Lifespan and Healthspan Explained (and How to Improve Them Both)
- Katie Koschalk

- Oct 21
- 3 min read

Written by Katie Koschalk, a health and wellness writer, certified holistic nutritionist, and certified personal trainer based in California.
Most people hope to live a long life, but more importantly, they want those years to be good ones. That’s where the concepts of lifespan and healthspan come in. Lifespan is how long you live, while healthspan is how long you live well.
Fortunately, many of the same habits that can extend your years also improve the quality of them.
What’s the Difference Between Lifespan and Healthspan?
While the two terms are closely related, they measure different aspects of aging. Lifespan refers to the total number of years you live, from birth to death. It’s purely about quantity.
Healthspan, on the other hand, is about quality. It’s the portion of your life spent in good health, free from serious illness, disability, or chronic pain.
Ideally, we want both numbers to be high, but for many people, healthspan falls short of lifespan. That means later years may be marked by disease, limited mobility, or a reduced ability to enjoy life.
By building habits that support both, you can increase the likelihood that your later years will be not only longer, but also healthier and more fulfilling.

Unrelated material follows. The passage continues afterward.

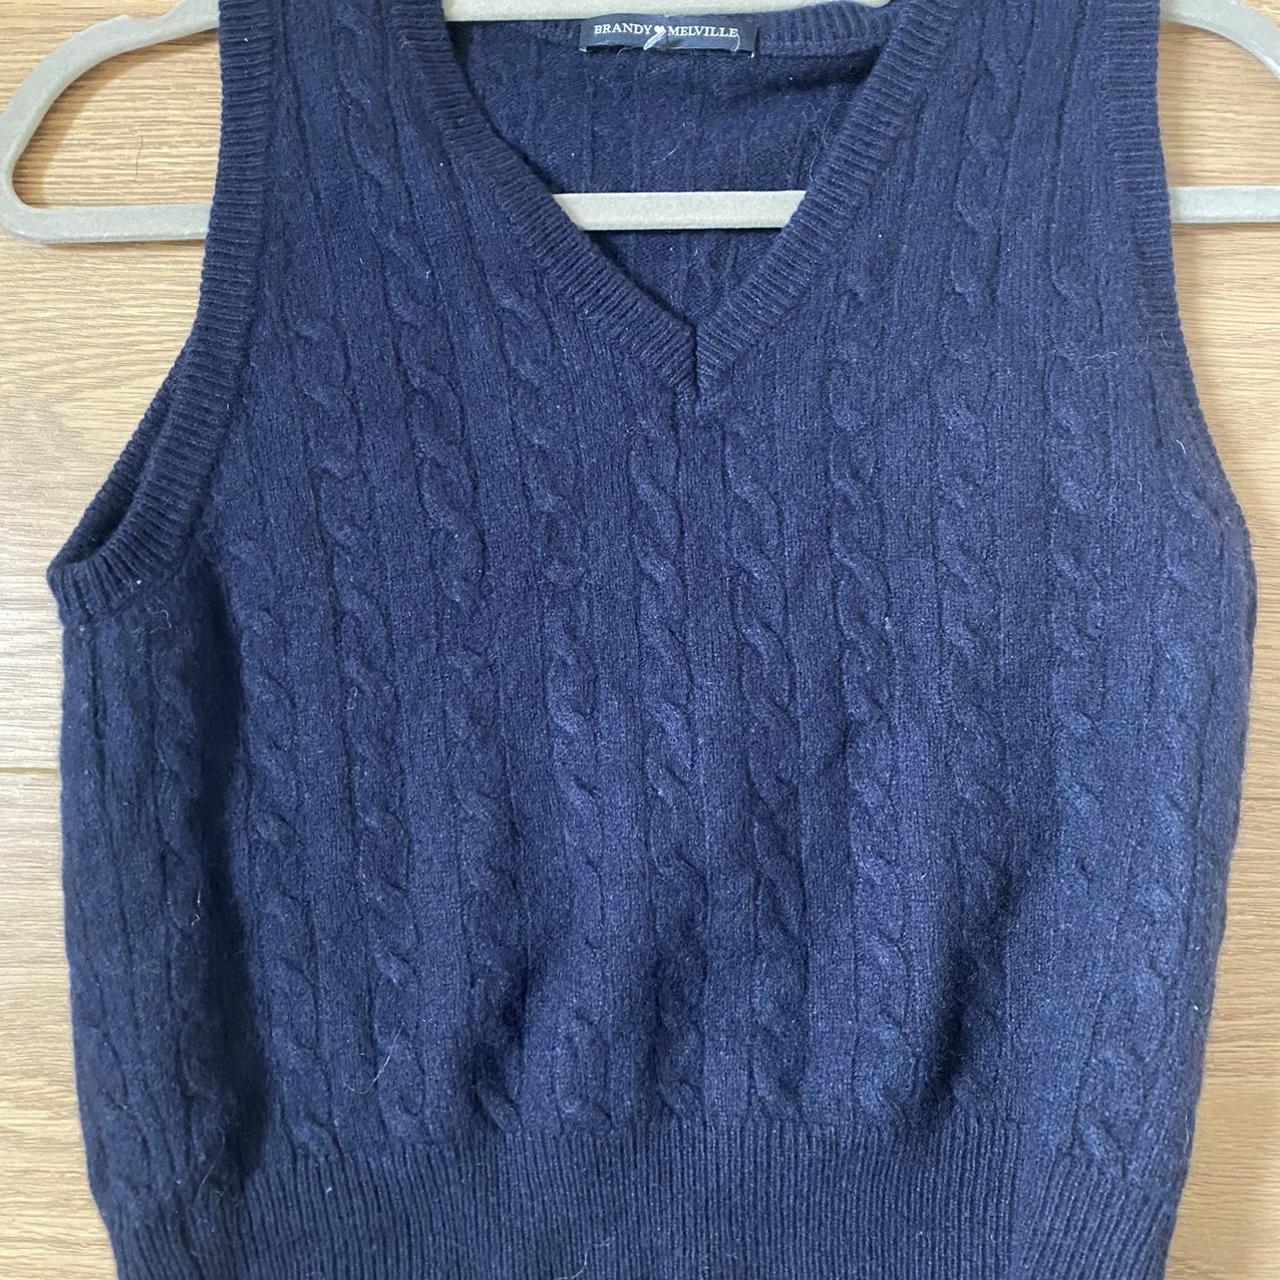 Brandy Melville cable knit navy sweater vest super soft - Depop

Tips for Improving Lifespan and Healthspan
Let’s take a look at the everyday choices that can help you boost both your lifespan and your healthspan.
Move Your Body Regularly
Exercise is one of the most powerful tools you have for promoting longevity and staying functional.
For lifespan, research suggests as few as 15 minutes of exercise daily may extend your life by three years. And the risk of premature death may decrease by four percent for each additional 15 minutes of daily physical activity.
For healthspan, regular physical activity helps maintain muscle, bone, and balance, while also boosting mood, sleep, stress levels, and self-esteem.
Aim for at least 150 minutes of moderate-intensity cardiovascular activity per week and strength training twice a week.
Prioritize Quality Sleep
Sleep is the time when your body repairs, regenerates, and regulates key systems.
For lifespan, research links consistent sleep patterns and adequate sleep duration to greater longevity. Just note that more sleep isn’t always better—sleeping more than eight to nine hours a night has been linked to reduced longevity.
For healthspan, sufficient, quality sleep improves memory, mood, focus, and recovery, helping you function at your best.
Adults should aim for seven to nine hours per night and establish a consistent sleep routine.
Eat More Plant-Based Foods
Shifting more of your diet toward plants can have powerful benefits for both longevity and quality of life.
For lifespan, plant-based diets are linked to lower risks of heart disease, certain cancers, type 2 diabetes, and other chronic illnesses.
For healthspan, individuals on a plant-based diet have reported higher energy levels and better general functioning compared to those not on a plant-based diet.
You don’t have to go fully vegetarian or vegan—simply aim to fill more of your plate with vegetables, fruits, legumes, nuts, seeds, and whole grains.
Stay Socially Connected
Strong social bonds are important for body and mind.
For lifespan, researchers report that maintaining healthy social networks may result in improved immunity and an extended lifespan.
For healthspan, relationships have been shown to reduce stress, boost emotional resilience, and foster a sense of purpose.
Make time to connect regularly with friends, family, or your community, whether in person, over the phone, or virtually.
Consider Smart Supplementation
While a healthy lifestyle is the foundation for a long, vibrant life, certain supplements may offer extra support. One such supplement is ergothioneine, an amino acid with powerful antioxidant properties.
For lifespan, ergothioneine helps combat oxidative stress and inflammation, two major contributors to aging and chronic disease. These protective effects may support longevity. In fact, one epidemiological study found that populations with higher dietary intake of ergothioneine, primarily through mushrooms, live longer.
For healthspan, ergothioneine’s protective effects on brain, heart, and mitochondrial health may help preserve physical and cognitive function as you age.
You can get ergothioneine from foods (primarily mushrooms), but only in small amounts. Supplementing with MitoPrime® can offer a more substantial boost. MitoPrime® delivers a highly bioavailable, fermented form of ergothioneine that’s been shown to scavenge free radicals 34 times more effectively than glutathione.
The Takeaway
You can’t control every factor that affects lifespan and healthspan, but you can make choices that support both. Moving your body, sleeping well, eating nourishing foods, staying connected, and taking protective supplements like ergothioneine can help you enjoy more years (and more good years) of life. Think of these habits as a daily investment in your future self.